Chenghong Bian,Yulin Shao,Haotian Wu,Emre Ozfatura,Deniz Gunduz

from arxiv, Accepted to IEEE JSAC, 2024

We introduce deep joint source-channel coding (DeepJSCC) schemes for image transmission over cooperative relay channels. The relay either amplifies-and-forwards its received signal, called DeepJSCC-AF, or leverages neural networks to extract relevant features from its received signal, called DeepJSCC-PF (Process-and-Forward). We consider both half- and full-duplex relays, and propose a novel transformer-based model at the relay. For a half-duplex relay, it is shown that the proposed scheme learns to generate correlated signals at the relay and source to obtain beamforming gains. In the full-duplex case, we introduce a novel block-based transmission strategy, in which the source transmits in blocks, and the relay updates its knowledge about the input signal after each block and generates its own signal. To enhance practicality, a single transformer-based model is used at the relay at each block, together with an adaptive transmission module, which allows the model to seamlessly adapt to different channel qualities and the transmission powers}. Simulation results demonstrate the superior performance of DeepJSCC-PF compared to the state-of-the-art BPG image compression algorithm operating at the maximum achievable rate of conventional decode-and-forward and compress-and-forward protocols, in both half- and full-duplex relay scenarios over AWGN and Rayleigh fading channels.

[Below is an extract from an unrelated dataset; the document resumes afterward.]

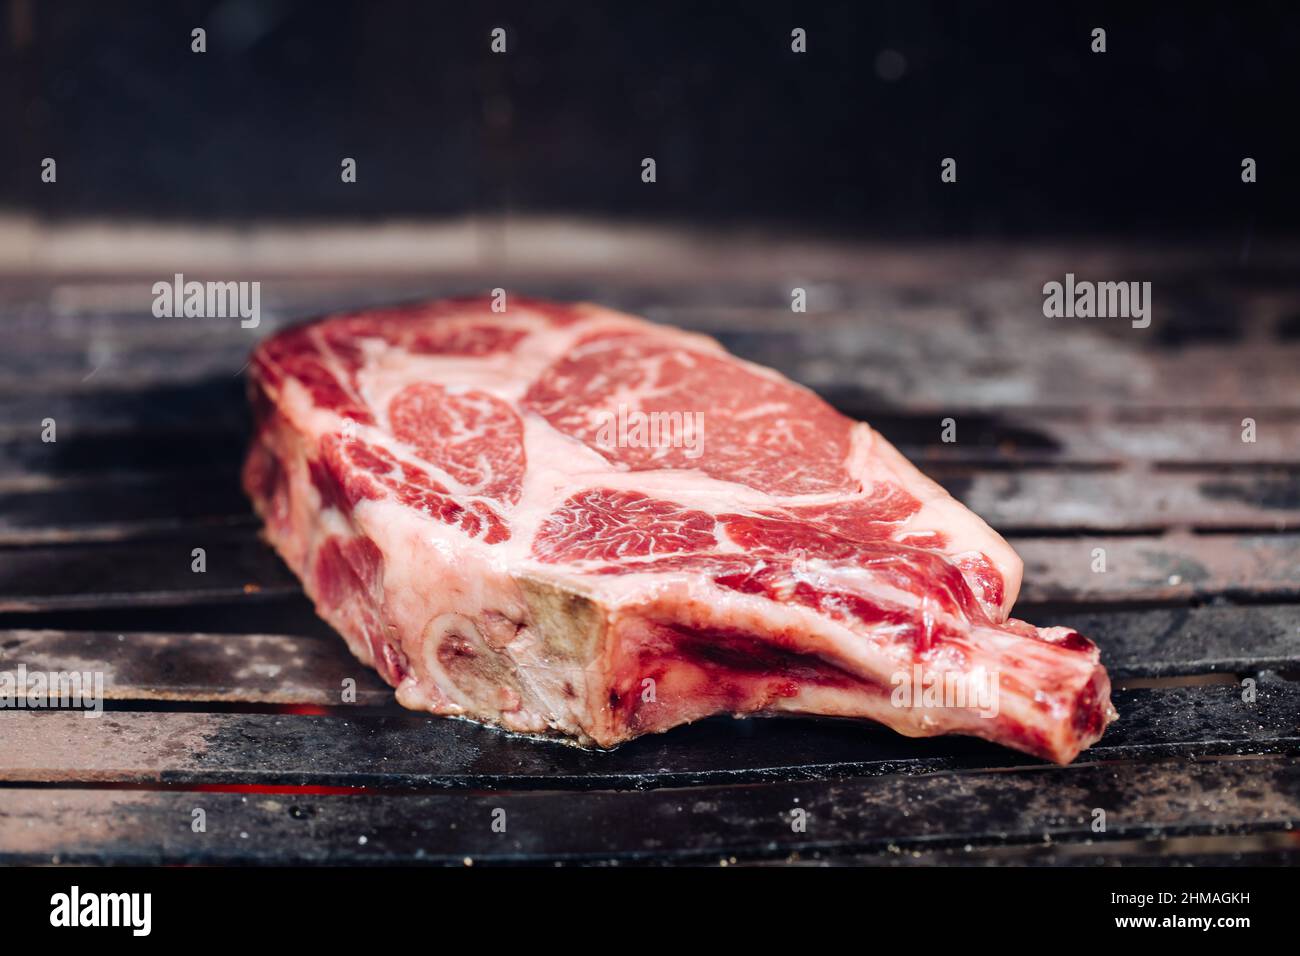 Various steak selection including rib eye, t-bone, fillet steak and rump steak. Tenderloin and sirloin cuts. Organic dry aged beef. Stock Photo

MoDELS · 基準 · Performer · 情景 · 稀疏 ·

2024 年 11 月 7 日

Mixture-of-Transformers: A Sparse and Scalable Architecture for Multi-Modal Foundation Models

Weixin Liang,Lili Yu,Liang Luo,Srinivasan Iyer,Ning Dong,Chunting Zhou,Gargi Ghosh,Mike Lewis,Wen-tau Yih,Luke Zettlemoyer,Xi Victoria Lin

The development of large language models (LLMs) has expanded to multi-modal systems capable of processing text, images, and speech within a unified framework. Training these models demands significantly larger datasets and computational resources compared to text-only LLMs. To address the scaling challenges, we introduce Mixture-of-Transformers (MoT), a sparse multi-modal transformer architecture that significantly reduces pretraining computational costs. MoT decouples non-embedding parameters of the model by modality -- including feed-forward networks, attention matrices, and layer normalization -- enabling modality-specific processing with global self-attention over the full input sequence. We evaluate MoT across multiple settings and model scales. In the Chameleon 7B setting (autoregressive text-and-image generation), MoT matches the dense baseline's performance using only 55.8\% of the FLOPs. When extended to include speech, MoT reaches speech performance comparable to the dense baseline with only 37.2\% of the FLOPs. In the Transfusion setting, where text and image are trained with different objectives, a 7B MoT model matches the image modality performance of the dense baseline with one third of the FLOPs, and a 760M MoT model outperforms a 1.4B dense baseline across key image generation metrics. System profiling further highlights MoT's practical benefits, achieving dense baseline image quality in 47.2\% of the wall-clock time and text quality in 75.6\% of the wall-clock time (measured on AWS p4de.24xlarge instances with NVIDIA A100 GPUs).

控制器 · MoDELS · 知識 (knowledge) · Processing（編程語言） · 試驗 ·

2024 年 11 月 7 日

SG-I2V: Self-Guided Trajectory Control in Image-to-Video Generation

Koichi Namekata,Sherwin Bahmani,Ziyi Wu,Yash Kant,Igor Gilitschenski,David B. Lindell

from arxiv, Project page: //kmcode1.github.io/Projects/SG-I2V/

Methods for image-to-video generation have achieved impressive, photo-realistic quality. However, adjusting specific elements in generated videos, such as object motion or camera movement, is often a tedious process of trial and error, e.g., involving re-generating videos with different random seeds. Recent techniques address this issue by fine-tuning a pre-trained model to follow conditioning signals, such as bounding boxes or point trajectories. Yet, this fine-tuning procedure can be computationally expensive, and it requires datasets with annotated object motion, which can be difficult to procure. In this work, we introduce SG-I2V, a framework for controllable image-to-video generation that is self-guided$\unicode{x2013}$offering zero-shot control by relying solely on the knowledge present in a pre-trained image-to-video diffusion model without the need for fine-tuning or external knowledge. Our zero-shot method outperforms unsupervised baselines while being competitive with supervised models in terms of visual quality and motion fidelity.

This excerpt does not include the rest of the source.